Woodside Energy (ASX:WDS) has softened its opposition to the Greater Sunrise LNG Project with the announcement yesterday of a dual path viability study to see if gas from the project can be delivered to Timor-Leste as efficiently as it could be to Australia.
Woodside’s surprise announcement and apparent softening of its opposition to involving Timor-Leste as an option is a significant change for the project, Timor and its relations with Australia which have become strained over the project.
In December, chief executive Meg O’Neill said the company would reassess its view that piping gas from the Greater Sunrise field to the undeveloped south coast of East Timor was not viable.
That was a surprise because Woodside and its management and board have been of that opinion for a decade, but suddenly it appeared to change in December.
Some energy industry figures claimed the Woodside CEO had made a mistake because some parts of the Timor government might have been changing their view on sharing facilities with Australia.
That seems to have been a bit of pie in the sky thinking because the story had gone quiet after Ms O’Neill’s comments over the summer holidays.
The Sunrise development, located approximately 450 km north-west of Darwin and 150 km south of Timor-Leste, comprises the Sunrise and Troubadour gas and condensate fields. The fields contain an estimated contingent resource (2C) 5.3 trillion cubic feet of dry gas and 226 million barrels of condensate (100%).
About 70% of Greater Sunrise lies in East Timor’s seabed following a 2018 maritime boundary deal with Australia.
Now Woodside and the Sunrise group has moved to turn that change of heart into figures to see what the financial position is.
In a statement from Woodside on Monday it said “The Sunrise Joint Venture (SJV), comprising TIMOR GAP (56.56%), Operator Woodside Energy (33.44%), and Osaka Gas Australia (10.00%), hereby jointly affirms its commitment to undertake a concept select program for the development of the Greater Sunrise fields.
“The SJV will consider all of the key issues for delivering the gas, for processing and LNG sales, to Timor-Leste compared to delivering the gas to Australia.
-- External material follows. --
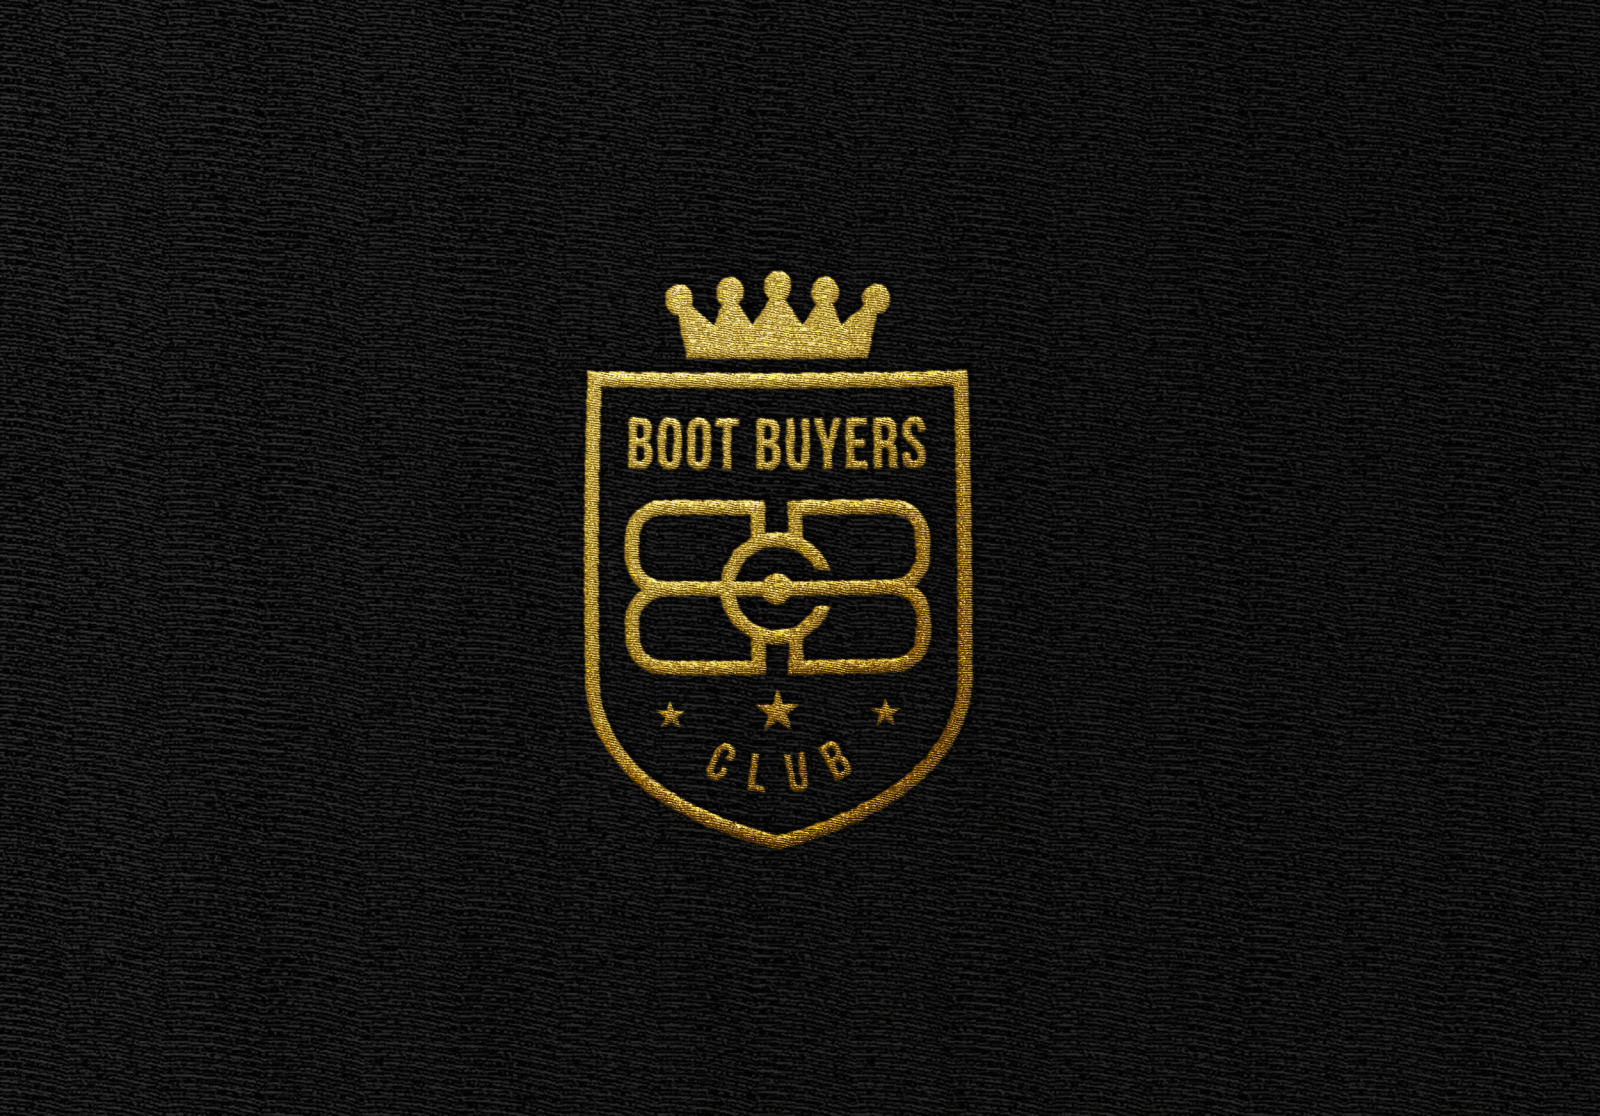 Brand Identity Design for Boot Buyers Club

“The studies will incorporate and update previous work by utilising the latest technologies and cost estimates while also considering the socio-economic, capacity building, safety, environmental, strategic and security benefits of the various options. The studies will include evaluation of which option provides the most meaningful benefit for the people of Timor-Leste.
“The SJV is aiming to complete the concept select program expeditiously given the benefits that could flow from developing the Sunrise fields.”
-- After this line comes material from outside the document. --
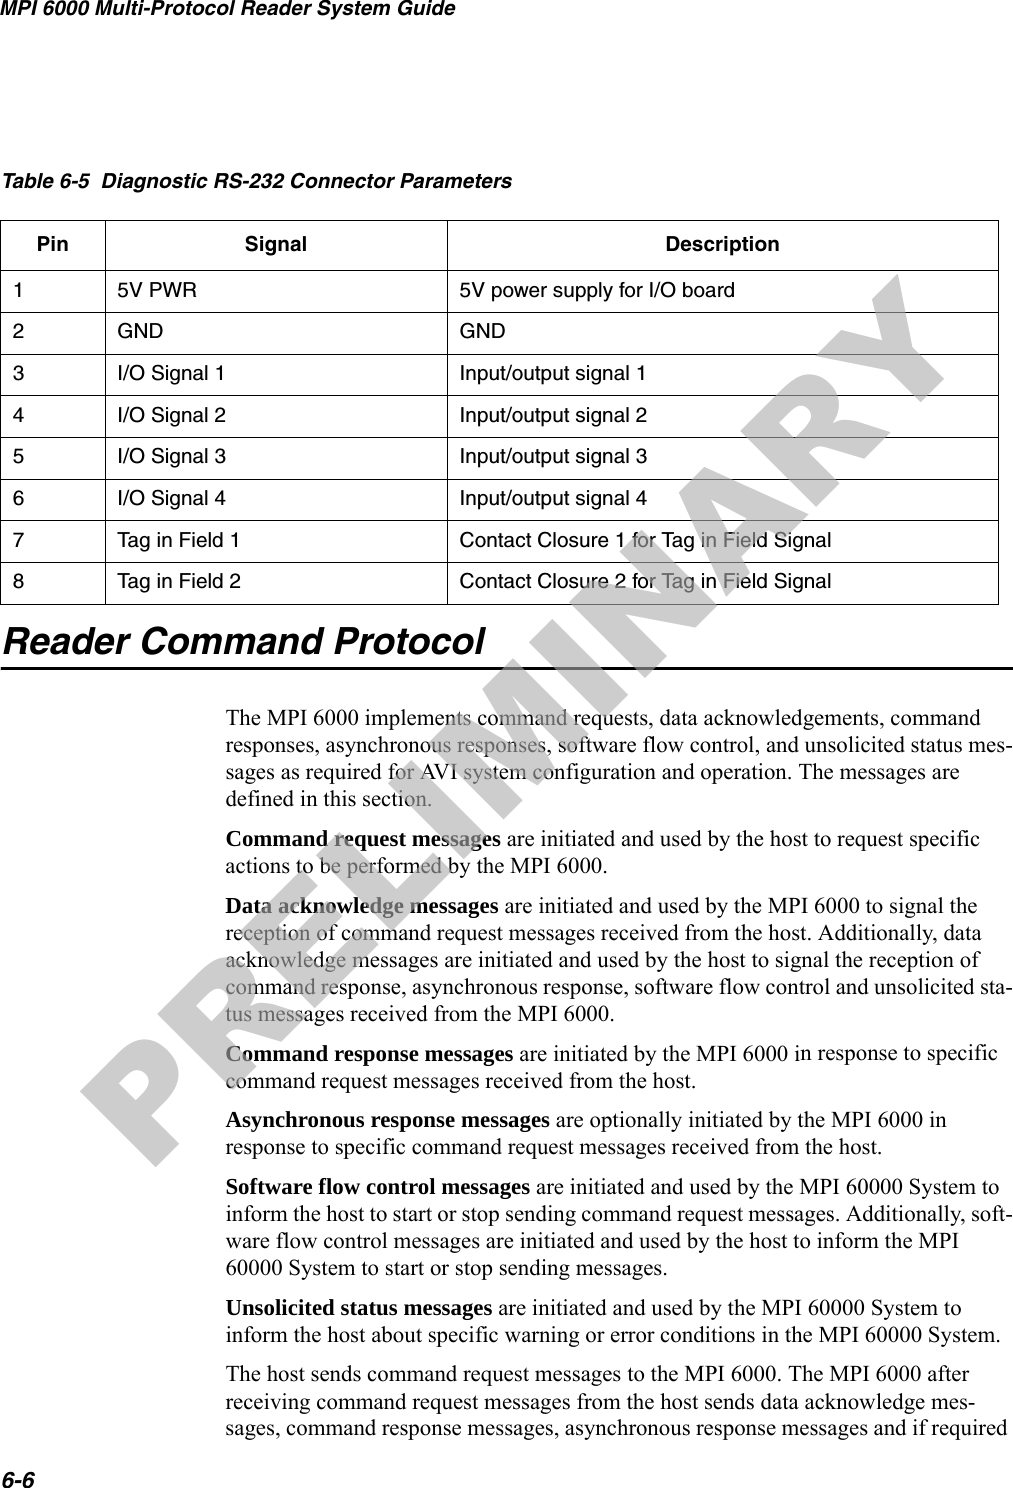 MPI 6000 Multi-Protocol Reader System Guide6-6Reader Command ProtocolThe MPI 6000 implements command requests, data acknowledgements, command responses, asynchronous responses, software flow control, and unsolicited status mes-sages as required for AVI system configuration and operation. The messages are defined in this section.Command request messages are initiated and used by the host to request specific actions to be performed by the MPI 6000.Data acknowledge messages are initiated and used by the MPI 6000 to signal the reception of command request messages received from the host. Additionally, data acknowledge messages are initiated and used by the host to signal the reception of command response, asynchronous response, software flow control and unsolicited sta-tus messages received from the MPI 6000. Command response messages are initiated by the MPI 6000 in response to specific command request messages received from the host.Asynchronous response messages are optionally initiated by the MPI 6000 in response to specific command request messages received from the host.Software flow control messages are initiated and used by the MPI 60000 System to inform the host to start or stop sending command request messages. Additionally, soft-ware flow control messages are initiated and used by the host to inform the MPI 60000 System to start or stop sending messages.Unsolicited status messages are initiated and used by the MPI 60000 System to inform the host about specific warning or error conditions in the MPI 60000 System.The host sends command request messages to the MPI 6000. The MPI 6000 after receiving command request messages from the host sends data acknowledge mes-sages, command response messages, asynchronous response messages and if required Table 6-5  Diagnostic RS-232 Connector ParametersPin Signal Description15V PWR 5V power supply for I/O board2GND GND3I/O Signal 1 Input/output signal 14I/O Signal 2 Input/output signal 25I/O Signal 3 Input/output signal 36I/O Signal 4 Input/output signal 47Tag in Field 1 Contact Closure 1 for Tag in Field Signal8Tag in Field 2 Contact Closure 2 for Tag in Field SignalPRELIMINARY

TIMOR GAP President and CEO Antonio de Sousa said he was pleased that TIMOR GAP’s efforts have substantially contributed towards realising the long-awaited goal of developing Greater Sunrise.
“This path forward is a significant commitment to our stakeholders, to the aspirations of those who made sacrifices to achieve independence for the Democratic Republic of Timor-Leste, and to the future of our people and Timor-Leste. It offers a clearer path to prosperity, equality, peace, stability, and sustainability for current and future generations,” he said.
Ms O’Neill said the development of new technologies and growing demand for safe and reliable LNG meant it was the right time to bring forward the concept select program.
“It is important we continue to look at ways to develop the Greater Sunrise fields using the latest technologies by evaluating, for example, modular LNG, that did not exist in the past.
“Against a backdrop of global geopolitical instability and constrained energy supply chains, there is an opportunity for the Sunrise Joint Venture to significantly advance this regionally important project,” she said.
Osaka Gas Australia Managing Director Yo Otsuka said in the statement it was important to assess and compare the development concept from both technical and commercial points of view to select the best option for the success of the Sunrise project.
Woodside said that in parallel to the concept select program, the SJV is progressing the negotiation of the new Production Sharing Contract, Petroleum Mining Code and associated agreements with the Timor-Leste and Australian Governments, which upon finalisation will provide the fiscal and regulatory certainty required for a development to proceed.
Unremarked upon in yesterday’s statements was suggestions that Timor was using rumoured Chinese interest as a stalking horse on the issue to get Australia and Woodside to this first step.
Woodside investors liked the news and sent the shares up 1.2% to $36.05. That was despite another fall in the price of oil on Friday on global markets.